Part II, Chapter One:
Recon Flight Viper Fox, on patrol
Phase Plane Anvil, Mirandan Space
“How many bogies you got, Tanner?” Her voice was cool and smooth, but the med-monitors showed that her blood pressure was already ramping up.
“I got five—that’s five—at tango one forty, nine hundred kips closure.” His voice was thin and tinny over the burst link.
“You got that, Baz?”
“Roger that—got five, I say five. Bearing okay, closure okay.”
Her own T-Synth showed five too—five little red dots starting to spread out in attack formation in T-Synth’s holographic volume. It chewed on their energy profiles and declared them hostile, but she already knew that. “Baz, I make ‘em Halith heavy attack craft. You concur?”
“Oh, they’re Doms all right. Emissions signature looks like Talon-3s.”
“Okay, go to attack pattern delta. Suck it in Tanner, you’re too low.” Obediently, one of the three little blue triangles that indicated her and her wingmen snuggled closer to her port quarter. “Good. Now don’t break it up until I tell you.”
“You got it, Kris.”
The blood chemistry monitors started to light up yellow with stress compounds as her fighter eased down and left. The sphere of the T-Synth rotated as it began to carve maneuver envelopes and velocity vectors through the volume. “I have intercept in four hundred thirty seconds,” she said with a calmness that the med-monitors didn’t reflect.
“Roger that. Concur with intercept in four-thirty.”
“Okay, weapons free—clear and hot. Wait for it.”
As if on cue, her T-Synth lit up with a spatter colored lights and snow as Tanner’s voice burst over the link, “We got music here—I lost ‘em. Anybody got a read?” Rapidly she cycled through the TAC-displays as her own electronic warfare suite came on-line, but the red dots failed to reappear.
What the hell kind of ECM is this?
“I got ‘em!” Baz’s voice came on. “Got ‘em back with filter 7, convolve lima-3.”
“Link that over, Baz.”
“Roger. Linking now.” Her screen cleared, showing that the red dots had split, circling for an envelopment behind the cover of their jamming. Vectors hunted across her T-Synth as an adrenal rush echoed her smile.
You’re spread too wide, you jag bastards—your envelopment’s gonna turn up shit.
The thrum of her fighter’s drive plant increased as she punched the power up, swinging down towards the right-hand pair. “See that, Baz? Starboard group’s too wide. I make it an almost seventy-second engagement window before those three to port can close. What do you guys say?”
“I’m with you, boss.”
“You got it, ma’am!”
“Then heat it up!” Power reading soared as she took her drive to 110% and her blood chemistry danced as her adrenaline went with it. The blue icons swooped down and then her display snowed out again.
“Holy fuck!” Tanner blurted. “How’d they do that?”

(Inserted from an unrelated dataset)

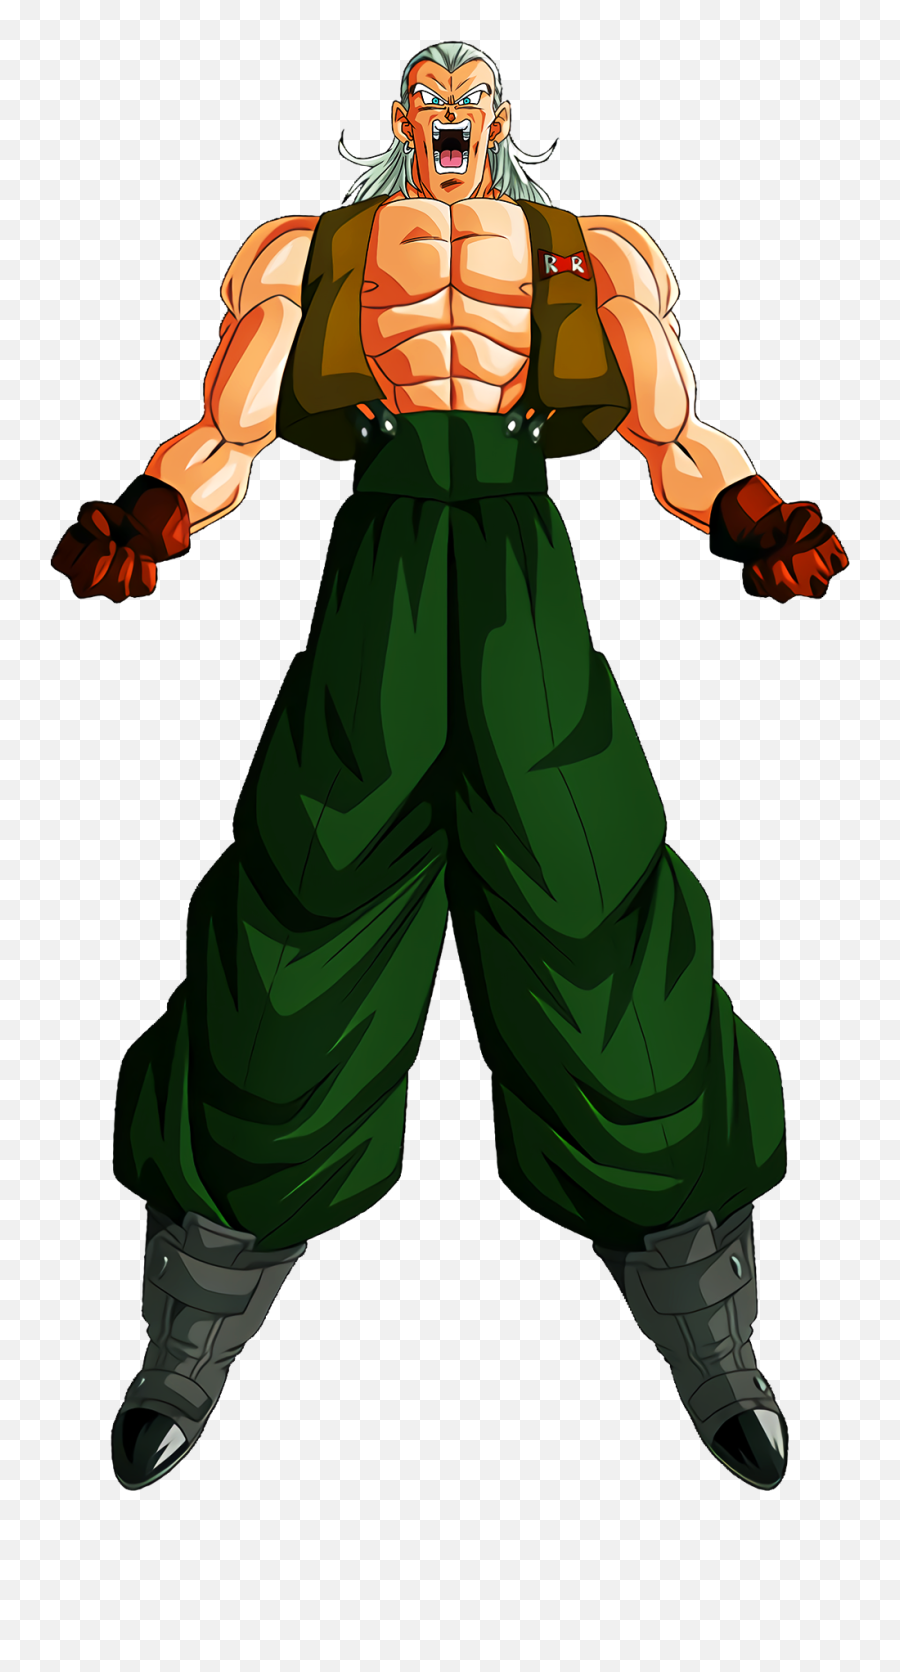 Circuits Of Target Exusion Android 13 Render Dragon Ball Z - Android 13 Render Emoji,Target Emoji Android
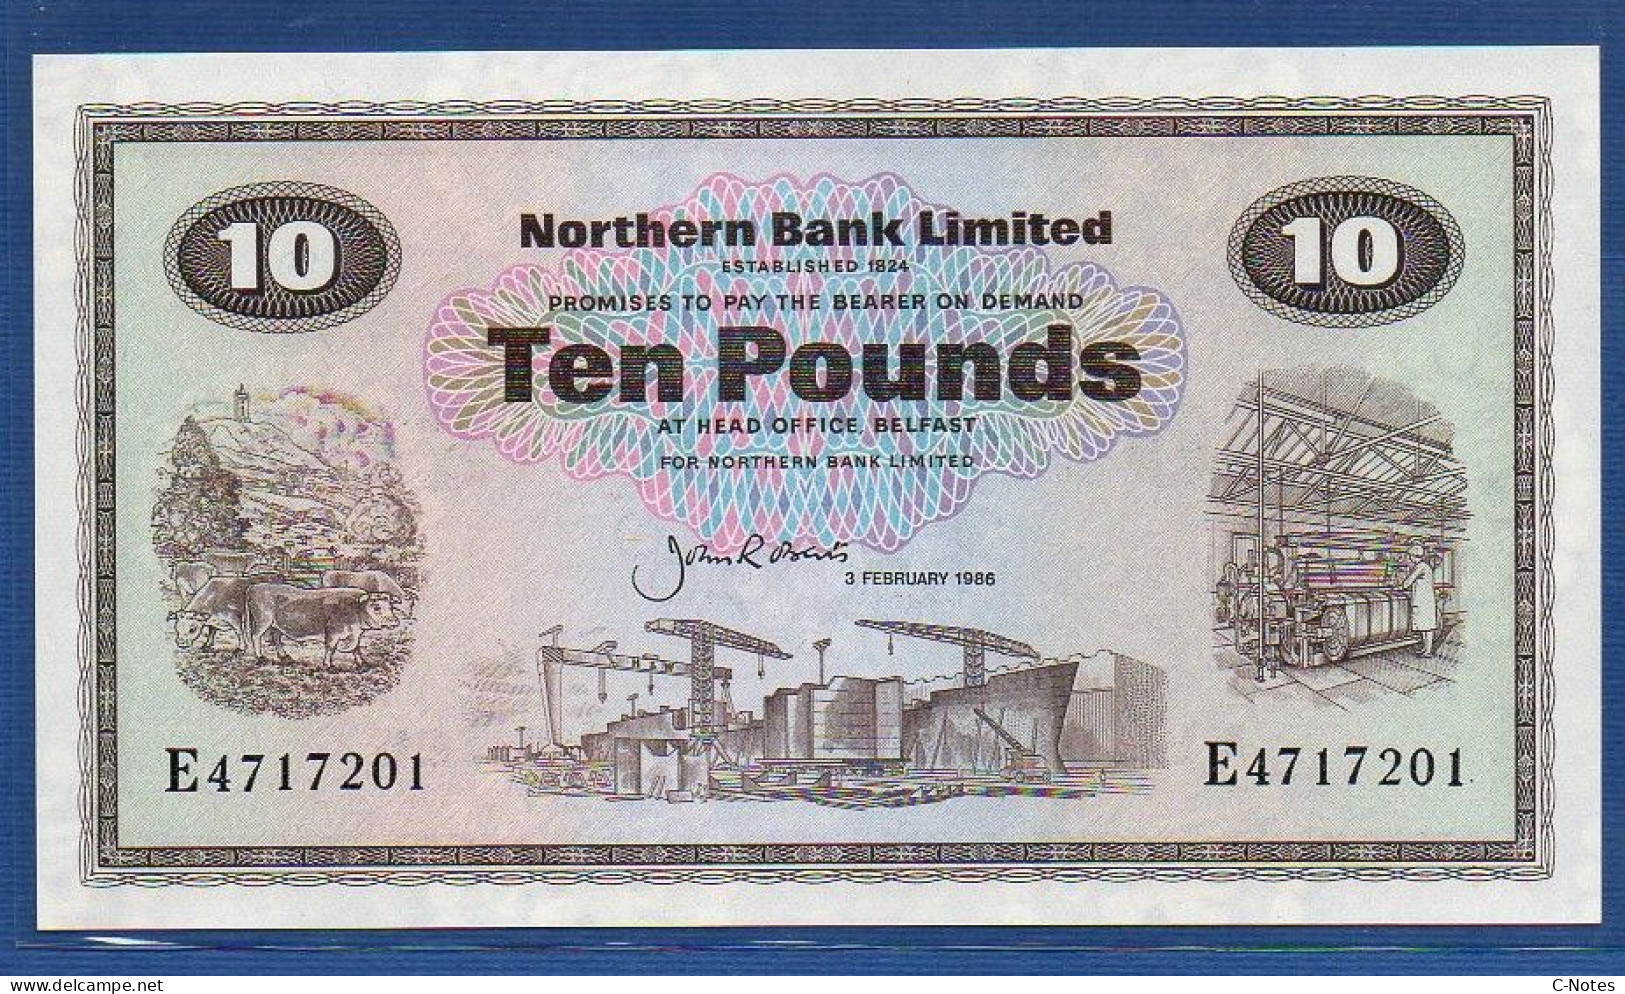 NORTHERN IRELAND - P.189e – 10 POUNDS 03.02.1986 UNC, S/n E4717201 Northern Bank Limited - 10 Pounds

“I’m going active,” she snapped. The med-monitors showed her heart rate edging towards 140. “Lock fire control to me.” Her deep radar came up sweeping; the little red dots reappeared, dancing in the haze. Their number fluctuated wildly.
“What the hell’s going on?” she murmured to herself, “This isn’t fighter jamming . . .” Something was covering for them—a new kind of ECM drone? There was a small volume between the diverging groups where the noise pattern didn’t look quite random enough. She magnified the spot, but her EW suite couldn’t find anything.
“Baz,” her voice was tight, “train over to tango one seven—you see anything there?”
“No—wait . . . can’t tell. You want me to swing out and take an aspect read, boss?”
“Negative! Stay put dammit—”
“Oh Shit!” Tanner cut her off. “I got launch transients here! Tango one seven and delta one five! Heavy metal coming this way!”
Two fans of bright orange lines radiated from what her sensors had just indicated was only empty space. Her heart rate spiked.
I’ve been suckered.
“Break! Break now!” Alarms squealed as her ship went maximum decel and her blood chem readings slammed into the red. The trio of blue triangles broke up and over in a classic missile avoidance maneuver while their EW suites howled. The orange fans began to disperse. Some of the missiles remaining ballistic as ECM confused their seeker arrays, decoys pulled off others and their chain guns engaged some more. The rest came through. View screens went mad with orange-white plasma flowers as the incoming warheads began to detonate. More alarms shrieked as shock waves rang her hull, then died abruptly as she cut them off.
“Hey!” Tanner yelped, “I think they’re shooting torps at us!”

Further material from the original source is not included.